Information provided section start

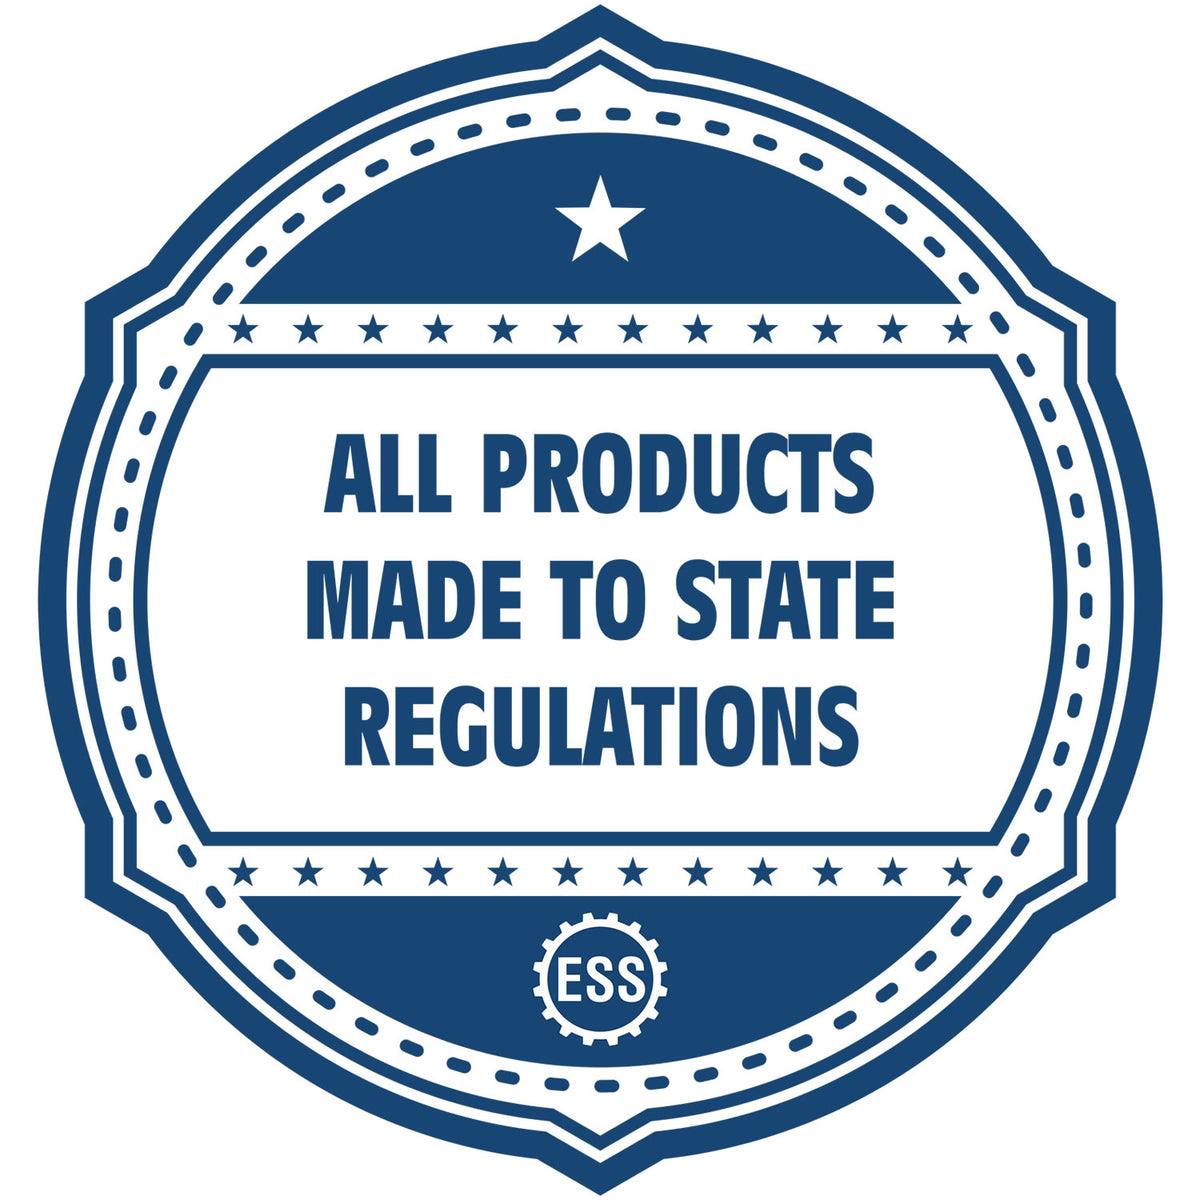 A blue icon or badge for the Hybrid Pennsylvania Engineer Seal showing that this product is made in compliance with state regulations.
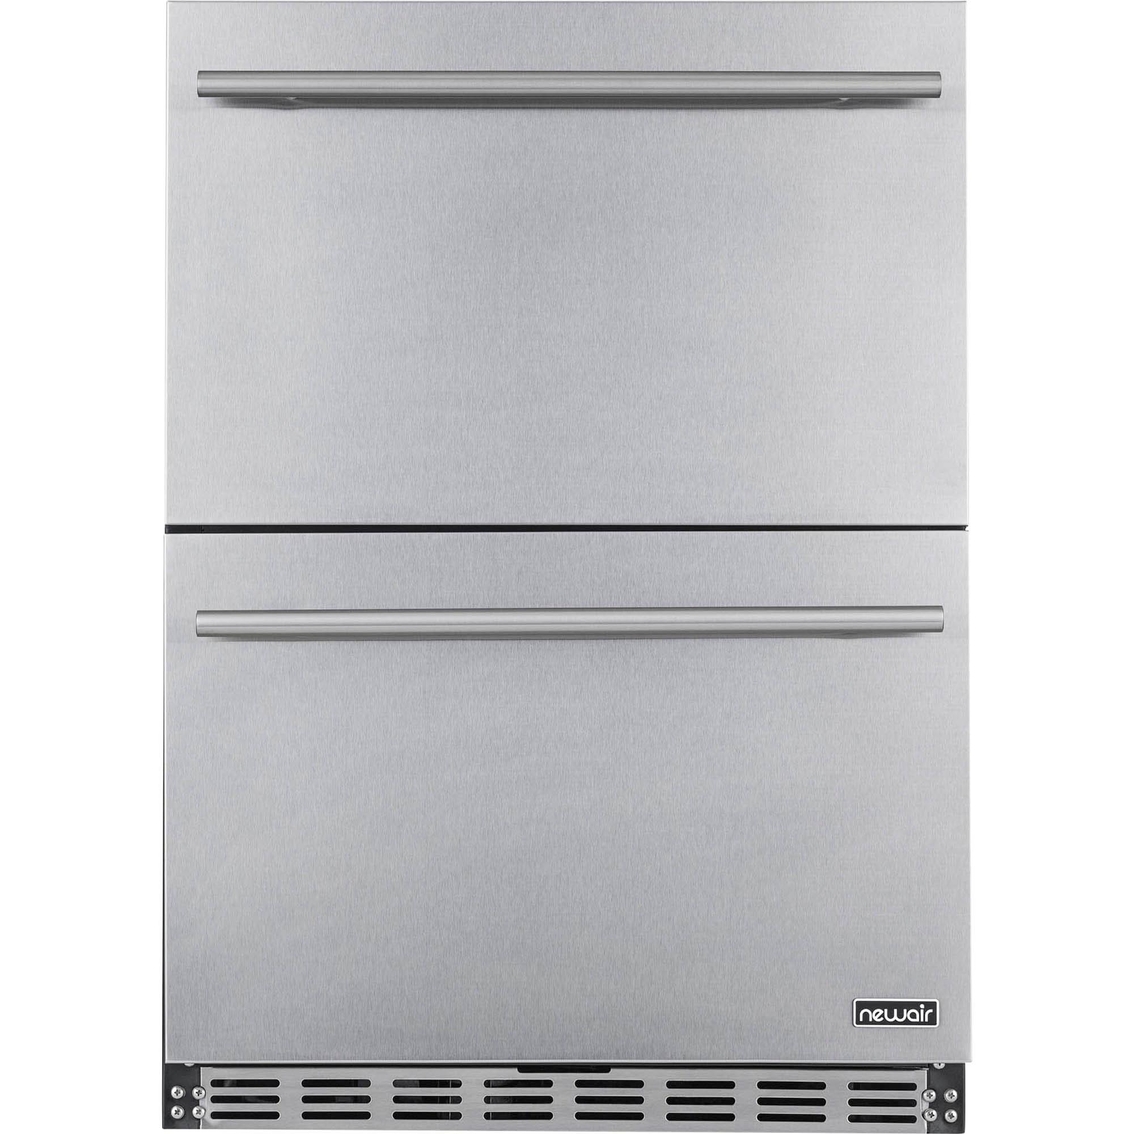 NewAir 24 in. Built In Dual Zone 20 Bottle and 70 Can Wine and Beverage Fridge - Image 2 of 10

Information provided section end
Information provided section start

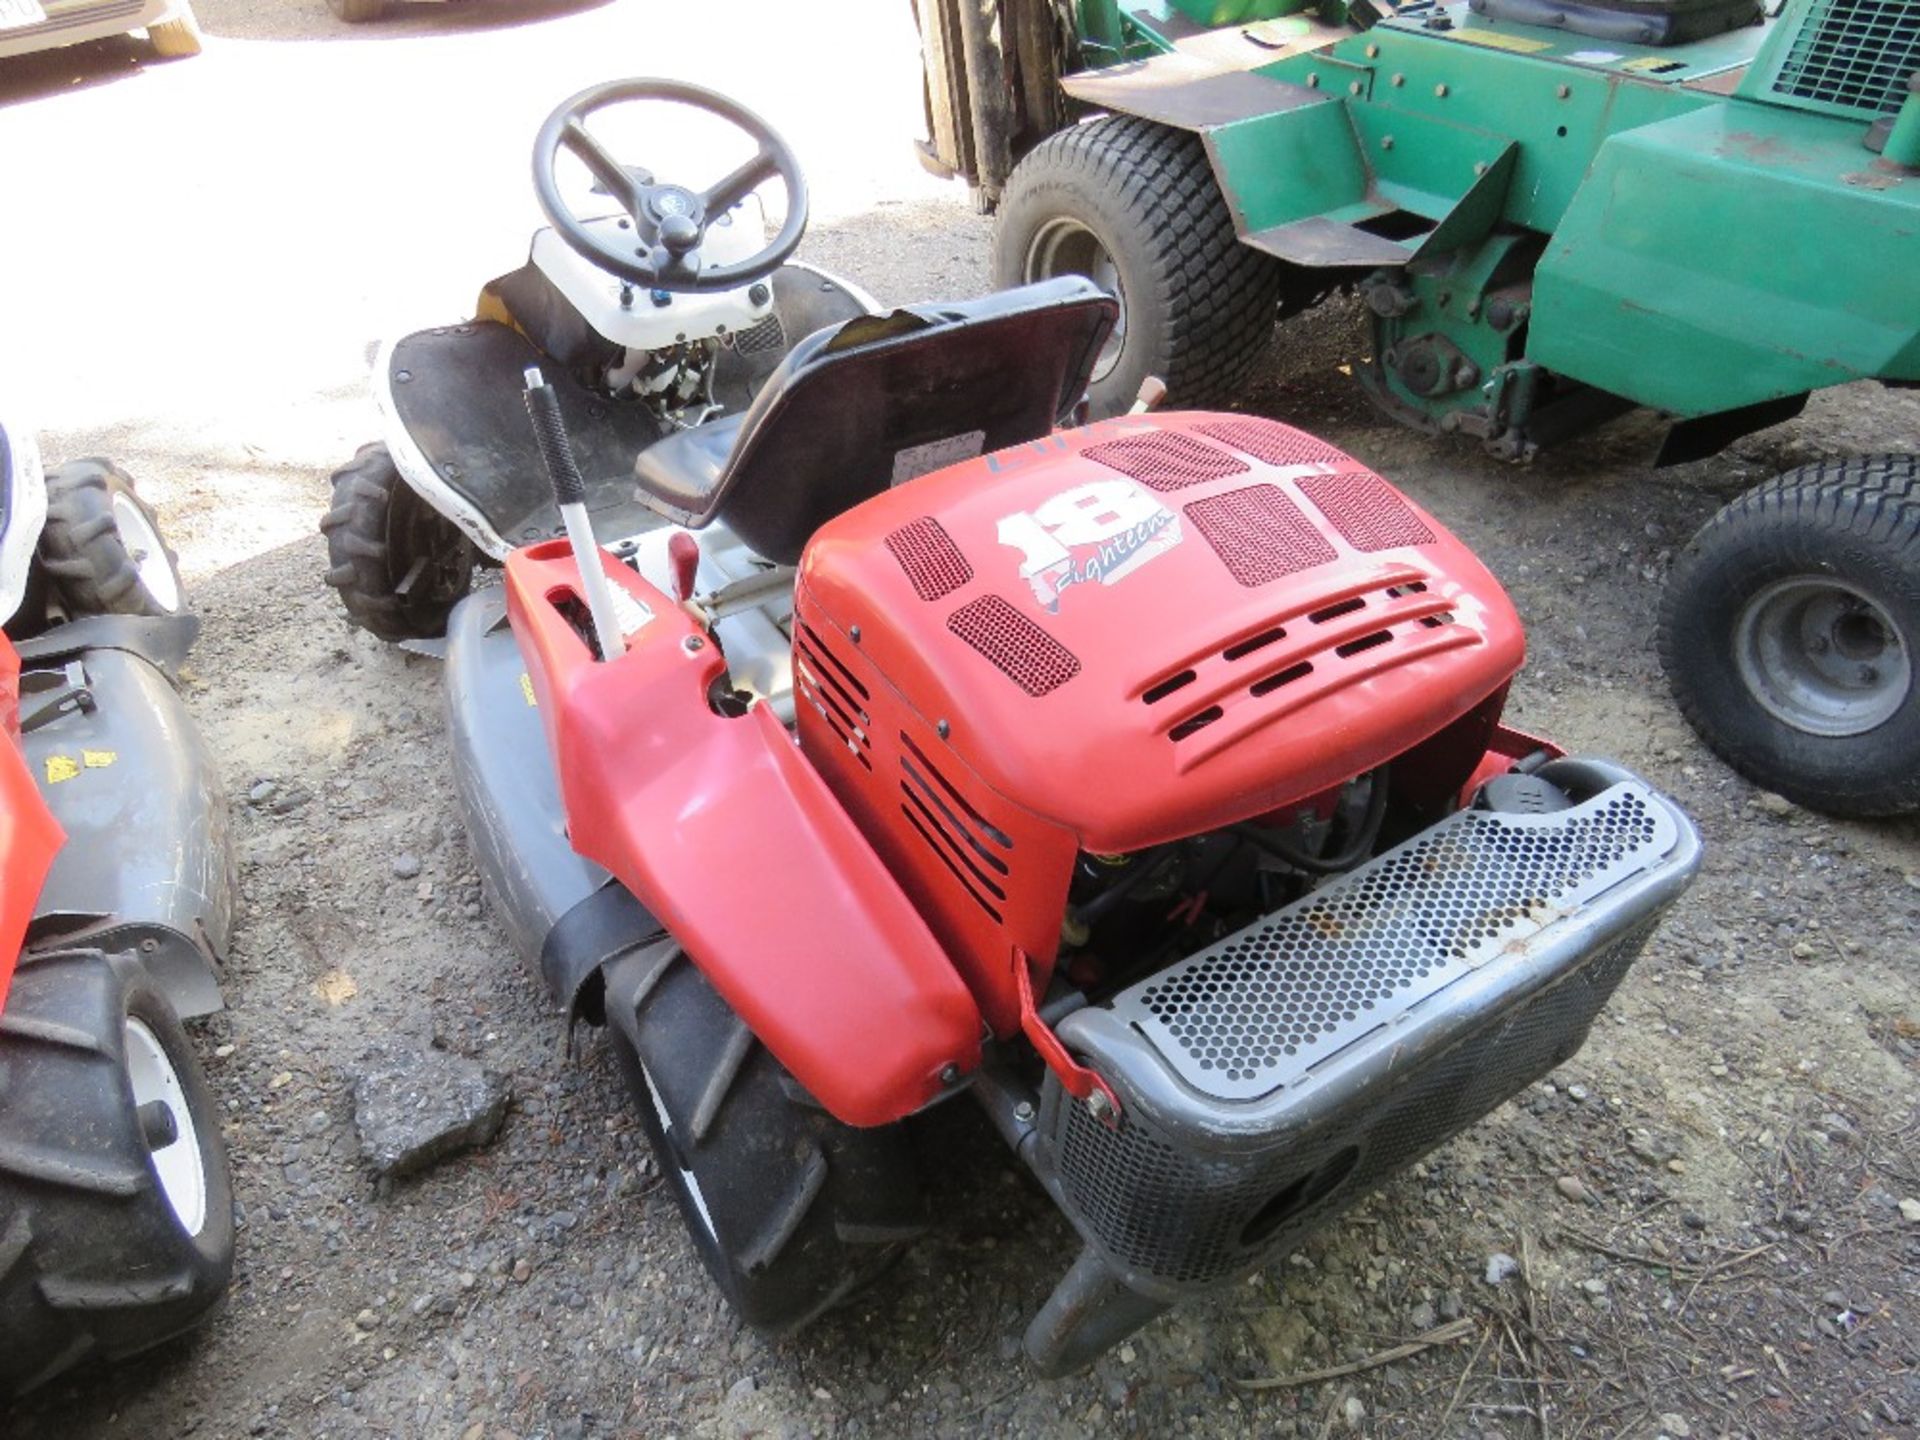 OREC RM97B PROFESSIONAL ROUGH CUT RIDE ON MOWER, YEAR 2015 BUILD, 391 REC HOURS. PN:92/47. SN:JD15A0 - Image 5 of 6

Information provided section end

◆ **Exercise brief**: Beginning with the line holding "A blue icon" in the material above, restate word for word each line through the line holding "NewAir 24 in.", and exclude pictures.

◆ **Answer to this task**:
 A blue icon or badge for the Hybrid Pennsylvania Engineer Seal showing that this product is made in compliance with state regulations.
 NewAir 24 in. Built In Dual Zone 20 Bottle and 70 Can Wine and Beverage Fridge - Image 2 of 10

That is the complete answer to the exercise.